**HOW TO COMPLETE THIS TASK**. Look below for the line with "http://ohmyhandmade.com/makermail/" and the line with "Torneo Bowling Vigevano 19-12-2018 - 055". Copy exactly those two lines and every line between, but not the pictures.

**THE INPUT**.
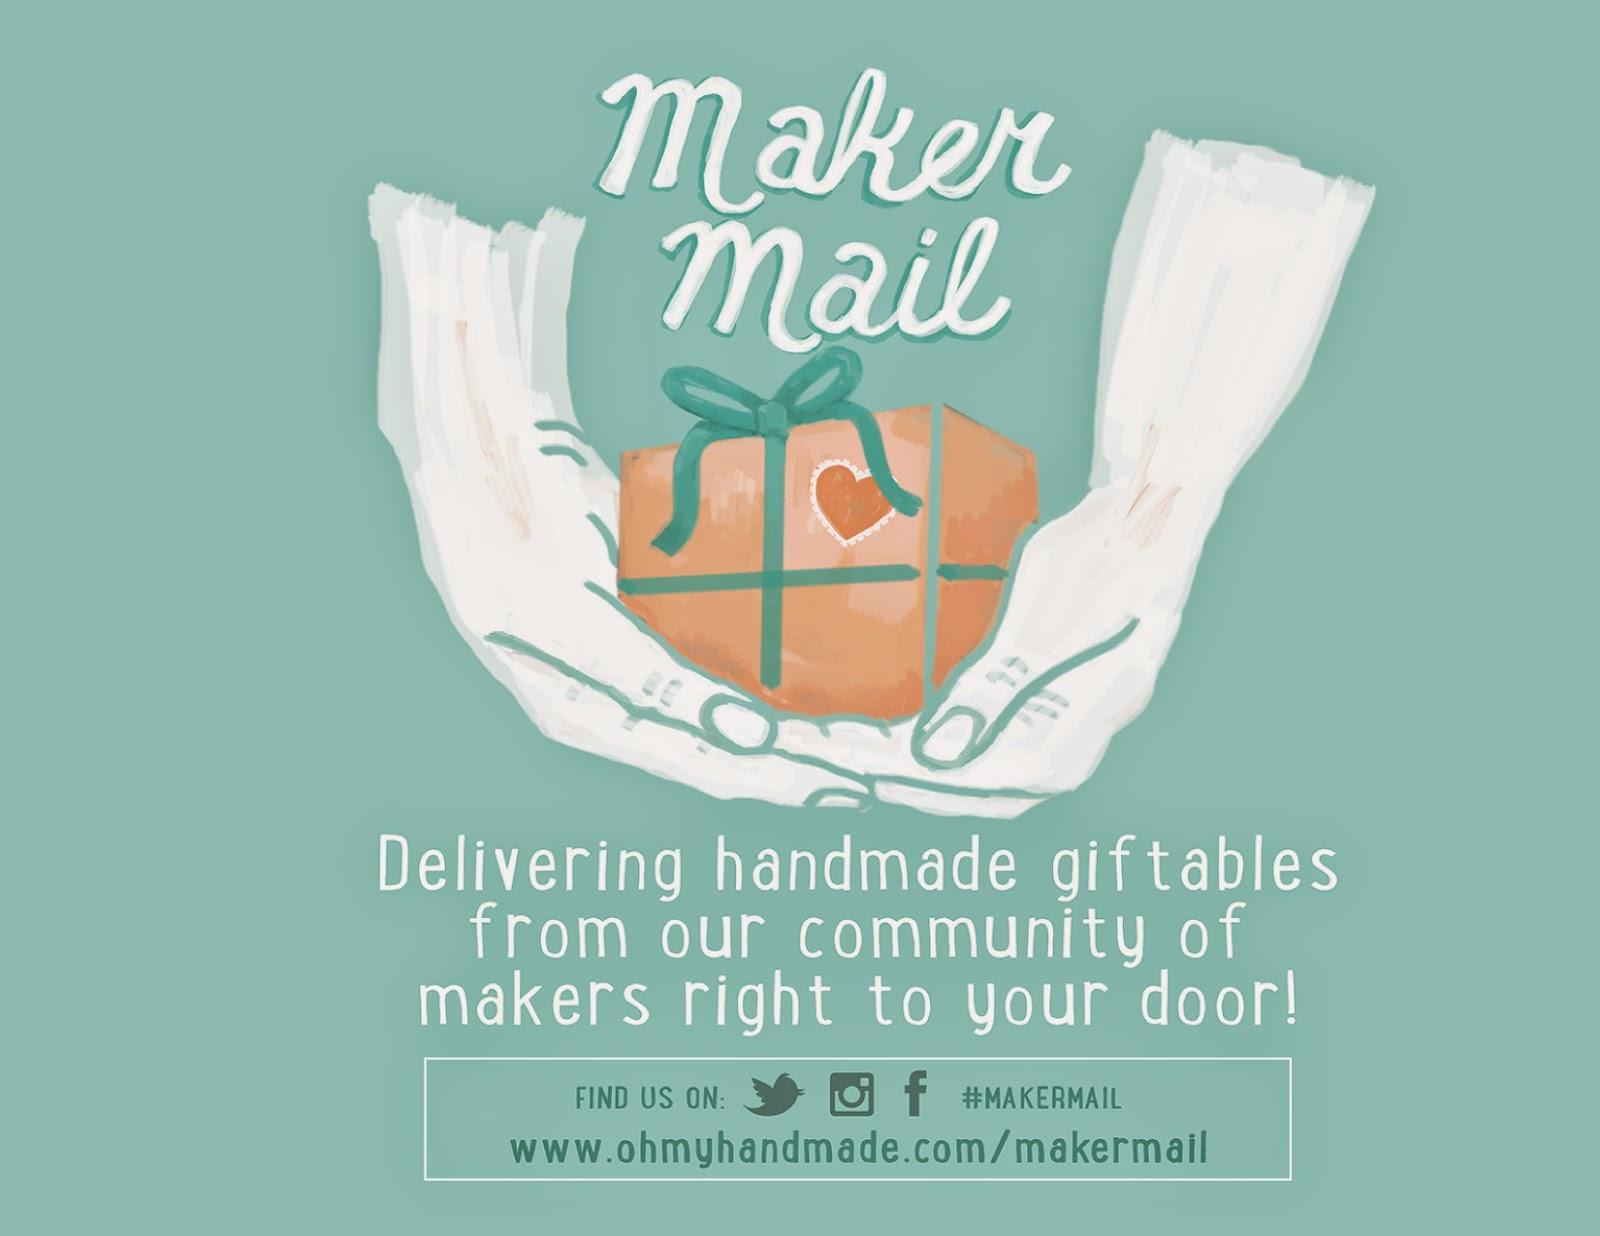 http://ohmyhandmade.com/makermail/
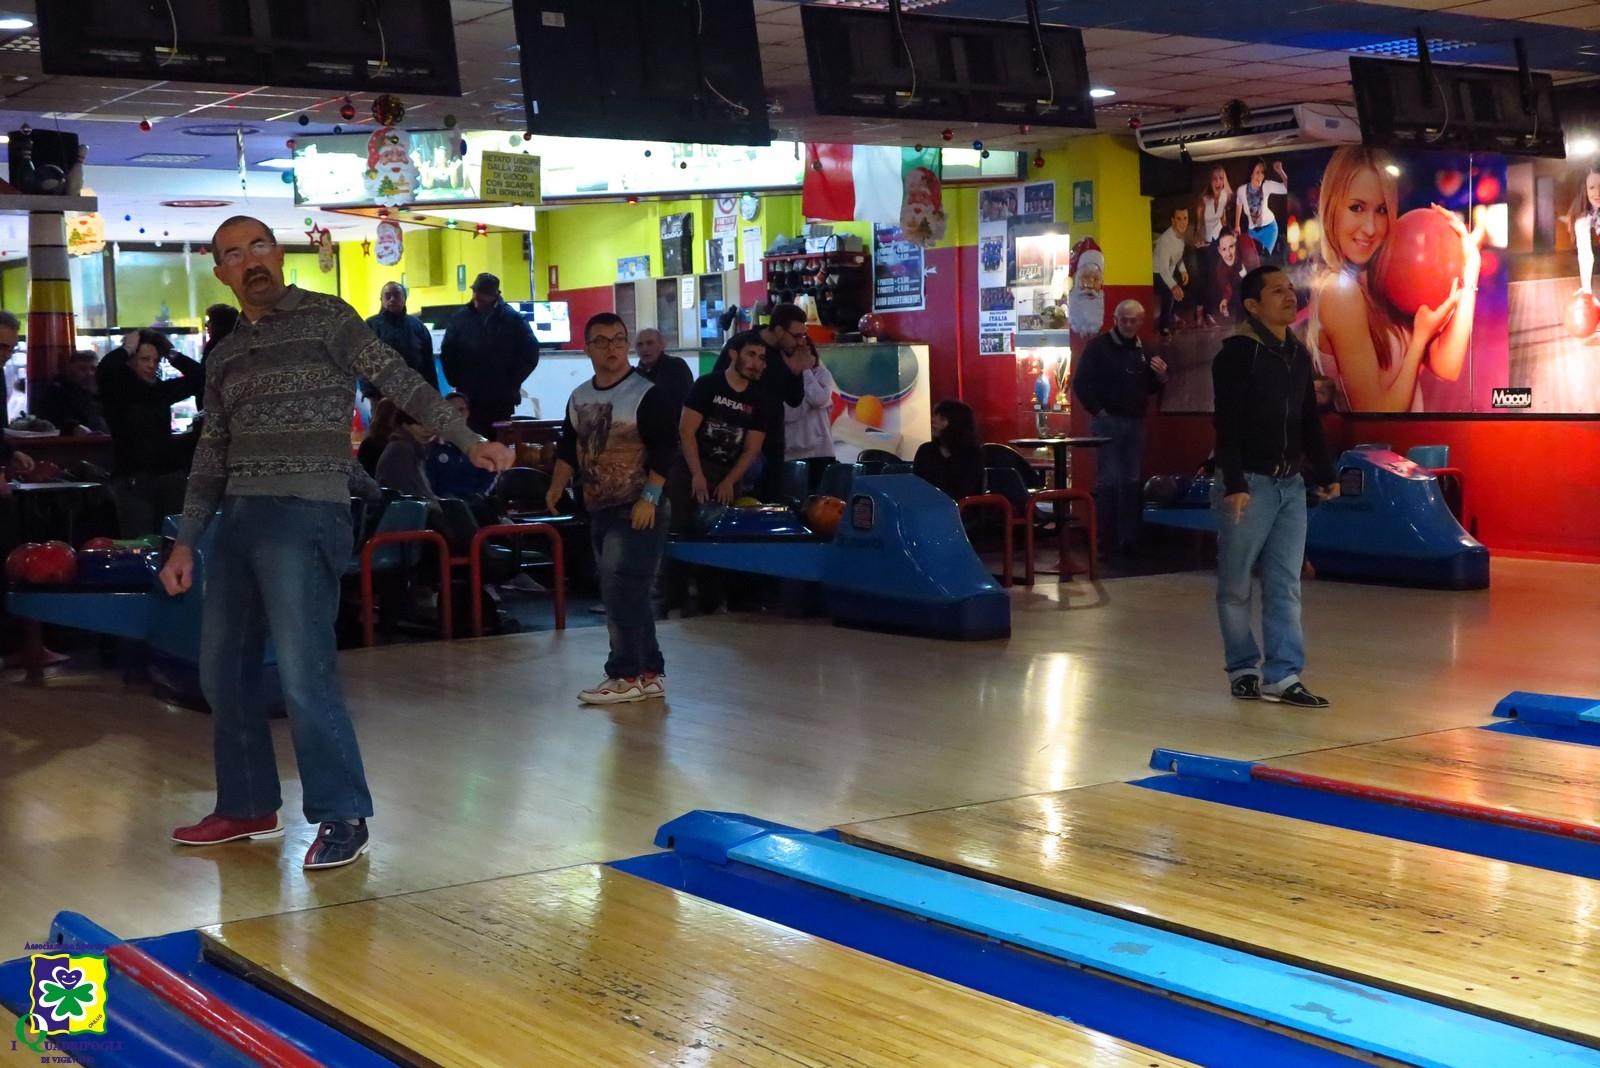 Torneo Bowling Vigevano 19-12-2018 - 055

...

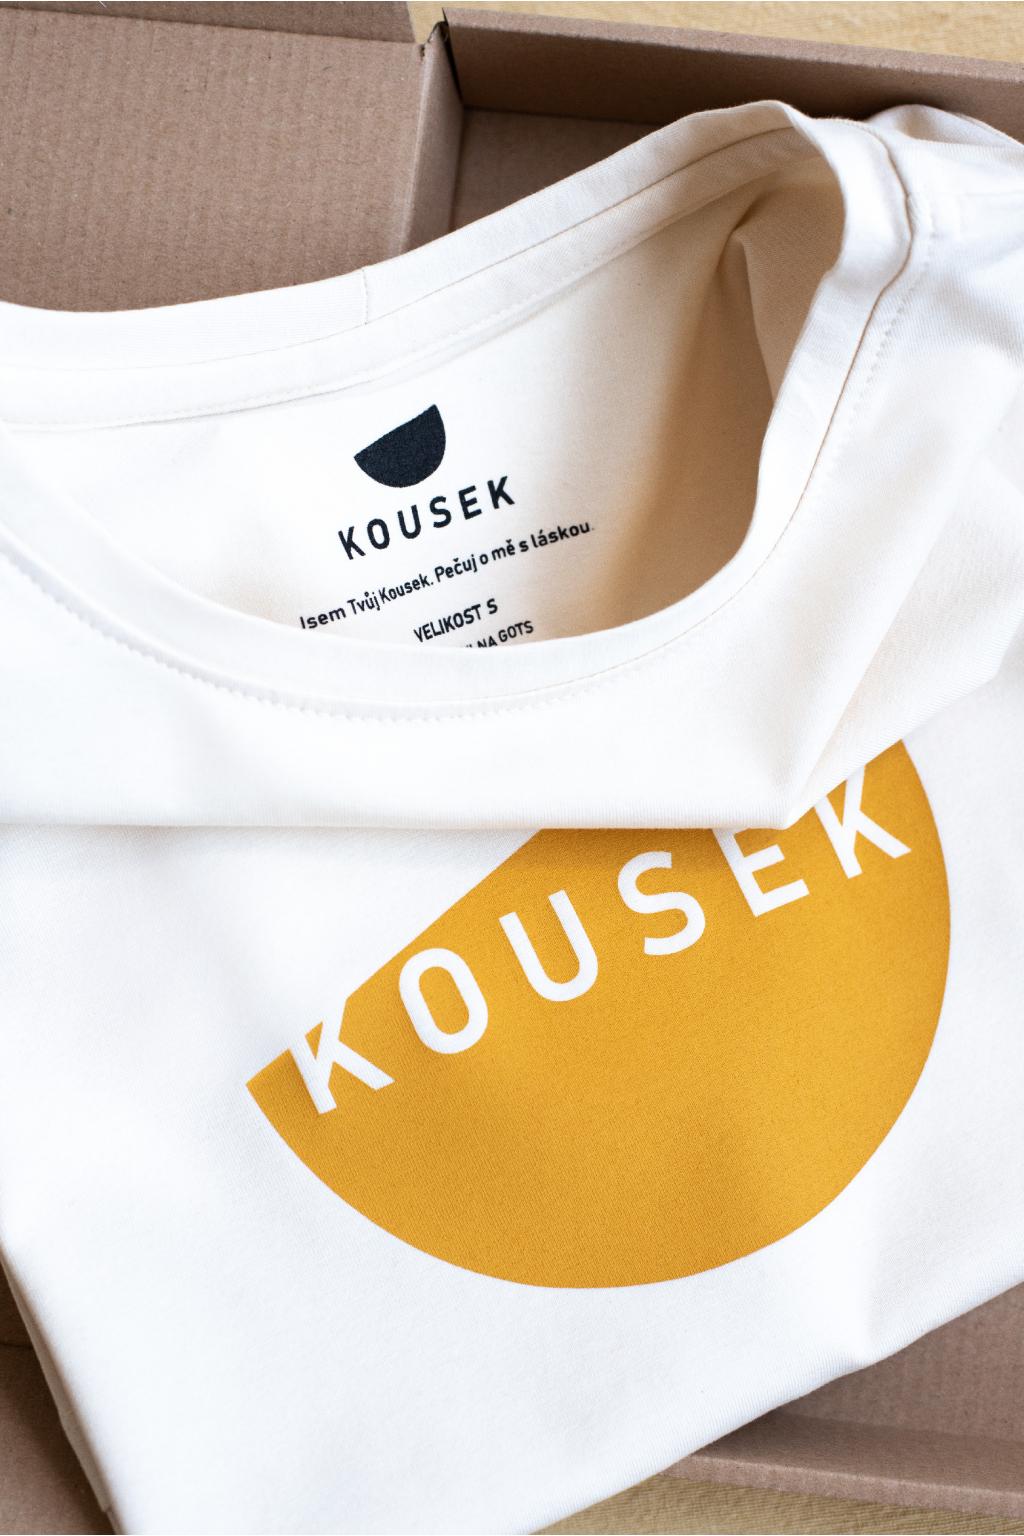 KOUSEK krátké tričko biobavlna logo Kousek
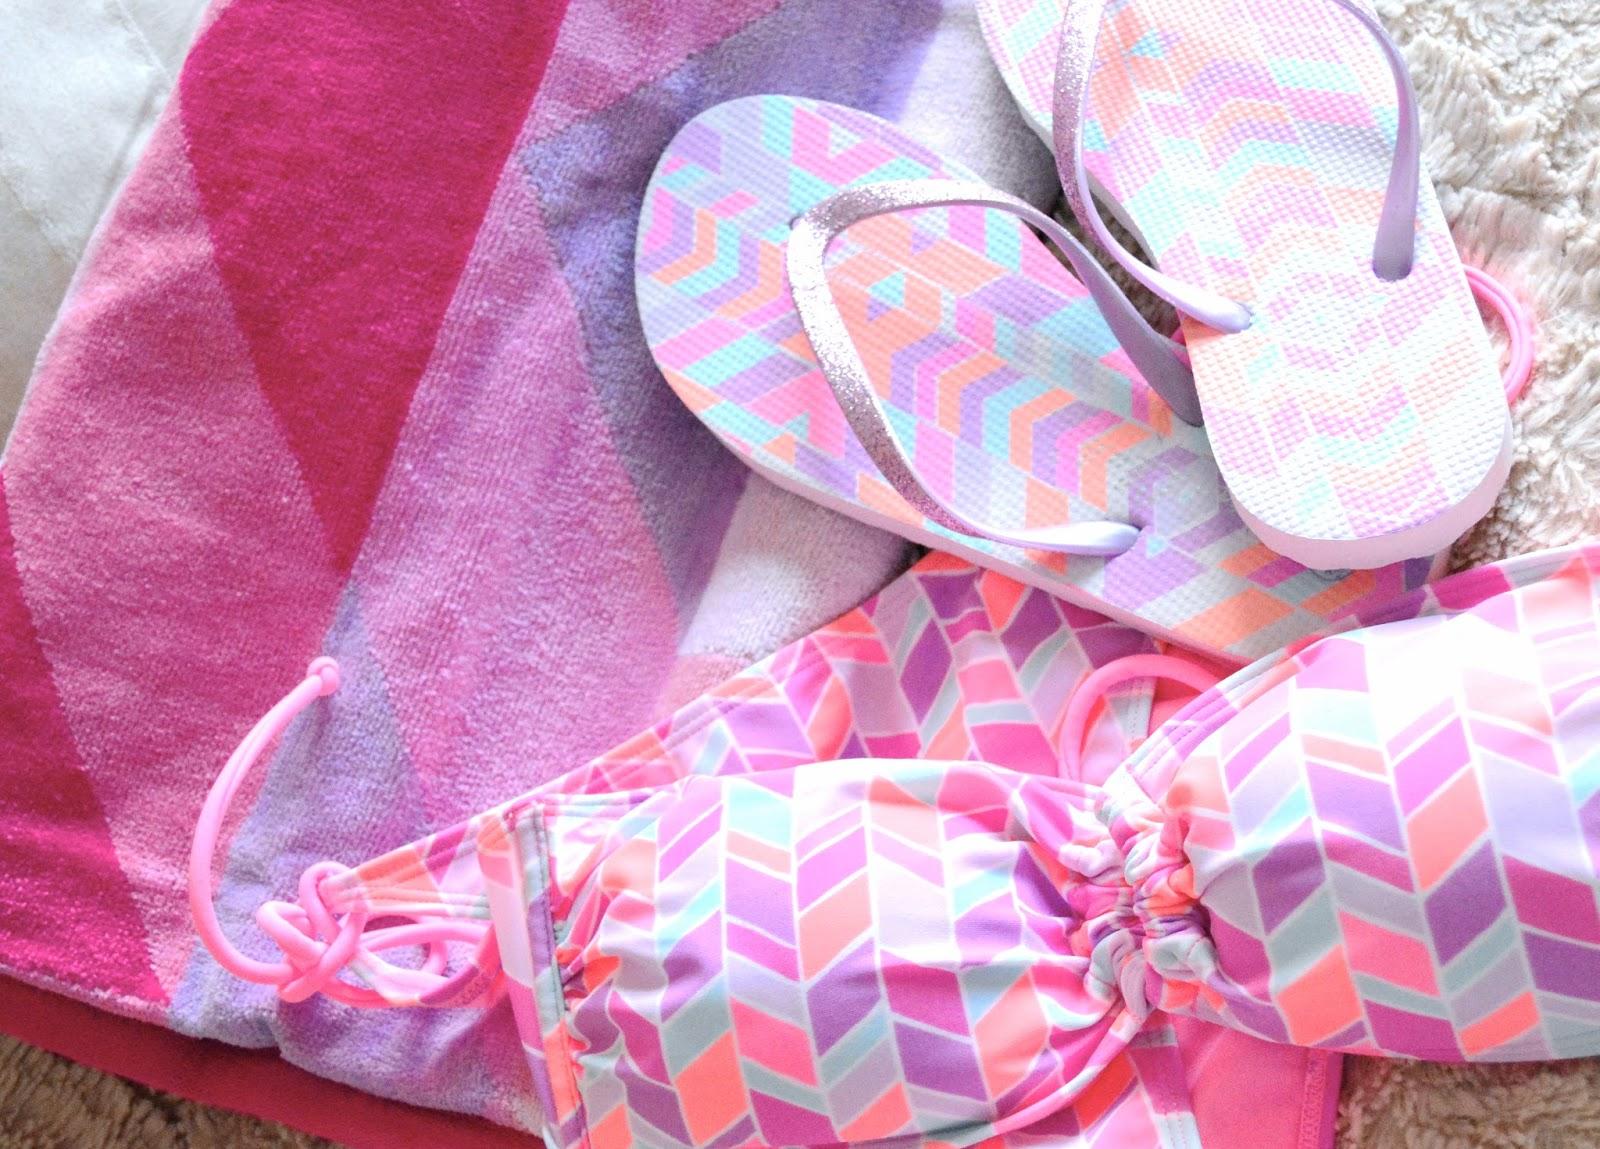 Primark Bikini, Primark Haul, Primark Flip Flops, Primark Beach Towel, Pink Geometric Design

**ANSWER TO THIS TASK**.
 http://ohmyhandmade.com/makermail/
 Torneo Bowling Vigevano 19-12-2018 - 055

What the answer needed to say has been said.